BlueScope 憑藉 Senseye 實現預測性躍進

總部位於澳洲的全球鋼鐵龍頭 BlueScope,正透過 Siemens Senseye 預測性維護為其維護作業奠定未來基礎。這套 AI 解決方案能及早偵測機器故障,進而提升效率並降低成本。目前已在全球範圍內成功避免了 1,950 小時的停機時間與 53 次的製程中斷。

1200 Hours

of unplanned downtime in Australia.

750 Hours

of unplanned downtime avoided in other countries.

53 Process

 interruptions avoided.

Managing scale, complexity, and harsh operating conditions in the steel industry

The global steel industry faces a variety of challenges, namely environmental regulations and pressure to produce more sustainably, which has led to a trend toward digitalizing production processes to improve efficiency and flexibility. Maintenance processes play a big role here. They’re particularly challenging due to the scale, complexity, and harsh operating conditions of steel production facilities. Coordinating maintenance without disrupting production is difficult, especially in continuous process plants. Unplanned outages can cost millions due to lost production and restart costs.

BlueScope is a global company specializing in the manufacture and distribution of steel products, operating globally in Australia, New Zealand, the Pacific Islands, China, India, Southeast Asia, and North America. It is best known for its high-quality galvanized and coated steel products, which are used in various industries such as construction, automotive, agriculture, and packaging. The company is headquartered in Melbourne, Australia, and operates manufacturing facilities and sales offices in various regions to serve its customers worldwide.

Reducing planned and unplanned downtime to a minimum

For BlueScope, as for most companies in the process industry, plant downtime is not only costly, but also stressful and, in the worst case, damaging to business. Consequently, with an eye on its global competitiveness, the company was looking for ways to proactively plan maintenance work to significantly reduce downtime and thus production costs.

With this in mind, BlueScope selected Siemens and its digital technologies. Siemens’ focus is on asset intelligence, not only to manage the assets but also to help change the culture from reactive to proactive maintenance. The collaboration began with a 12-month pilot project to test the possibilities of predictive maintenance (PdM) in the metal coating lines in BlueScope Springhill Works, Port Kembla. The pilot turned out to be an absolute success after only seven months.

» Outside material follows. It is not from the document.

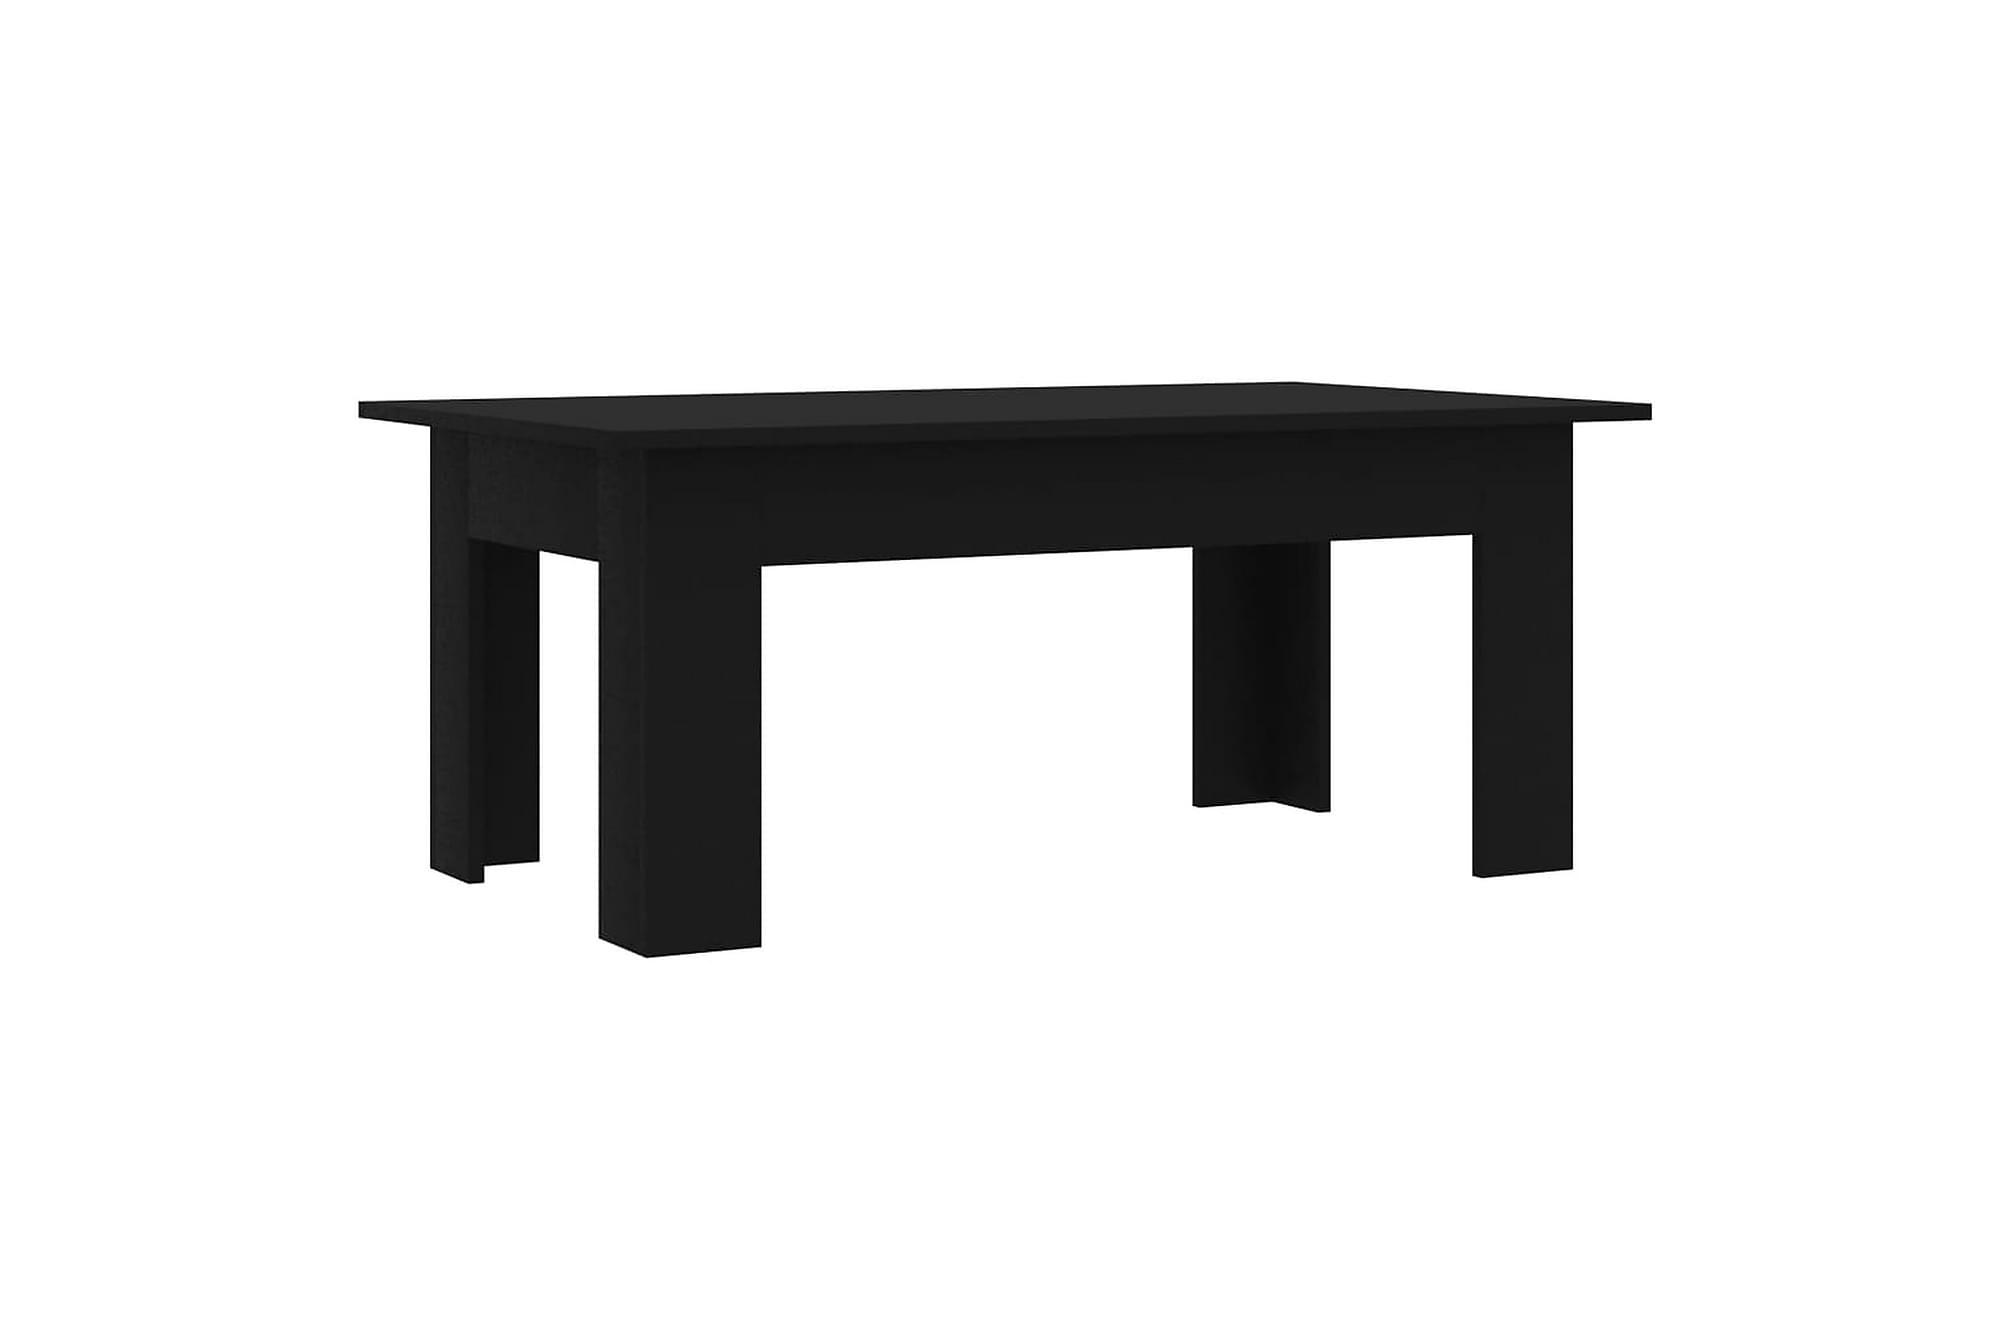 Soffbord svart 100x60x42 cm spånskiva
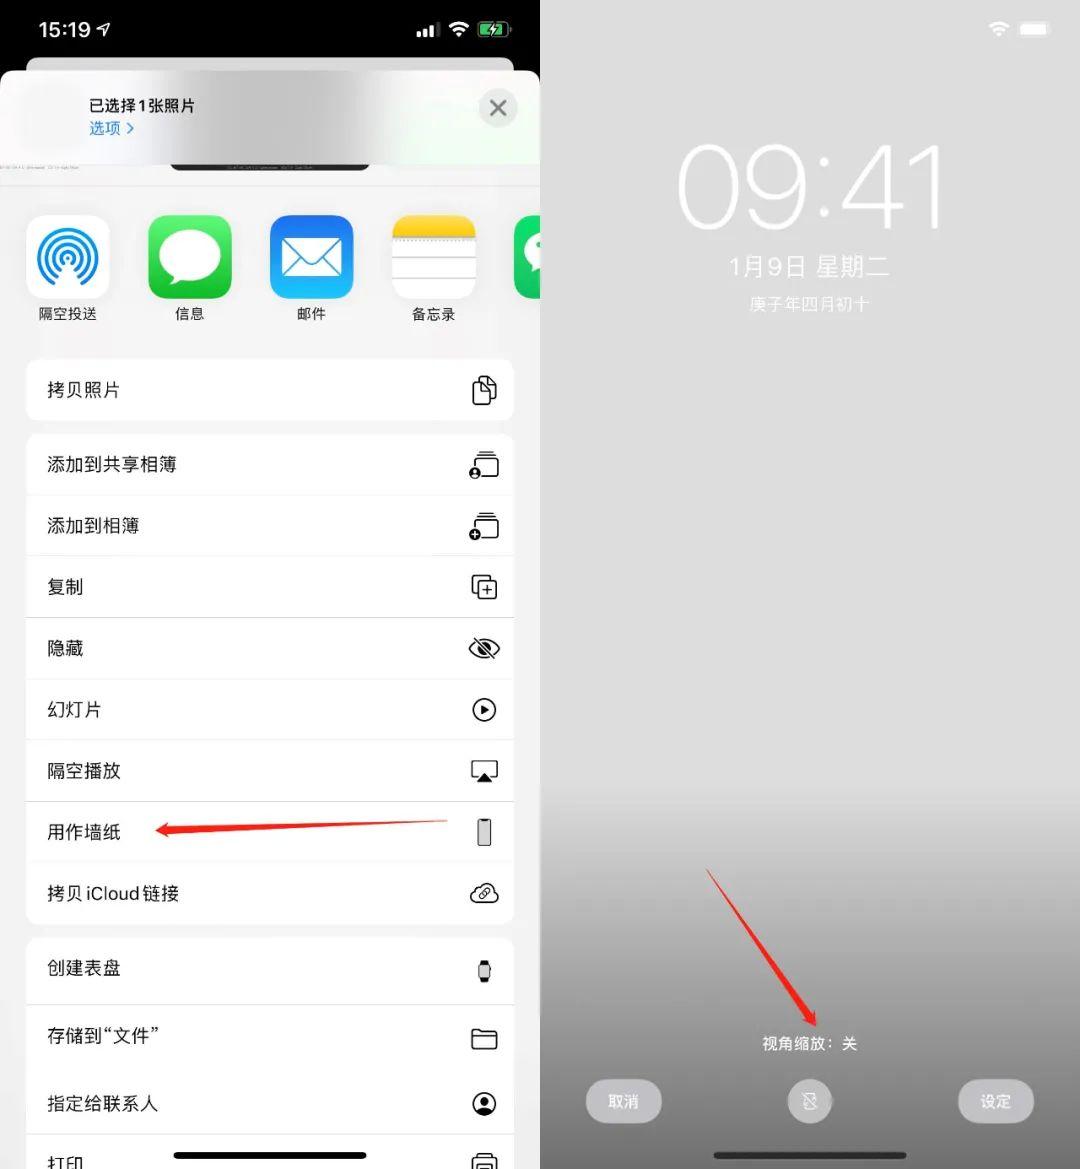 iPhone一键修改所有App,瞬间和别人不一样!第5张-菜鸟分享

Members of the BlueScope team, standing outside the factory on a catwalk.

From reactive to proactive, predictive maintenance

During those 12 months, 300 units were commissioned across three metal coating lines. This successful first phase at the Springhill site, supported by Senseye Predictive Maintenance's AI-driven automatic tuning capability, marked the beginning of a comprehensive shift from reactive to proactive, predictive maintenance.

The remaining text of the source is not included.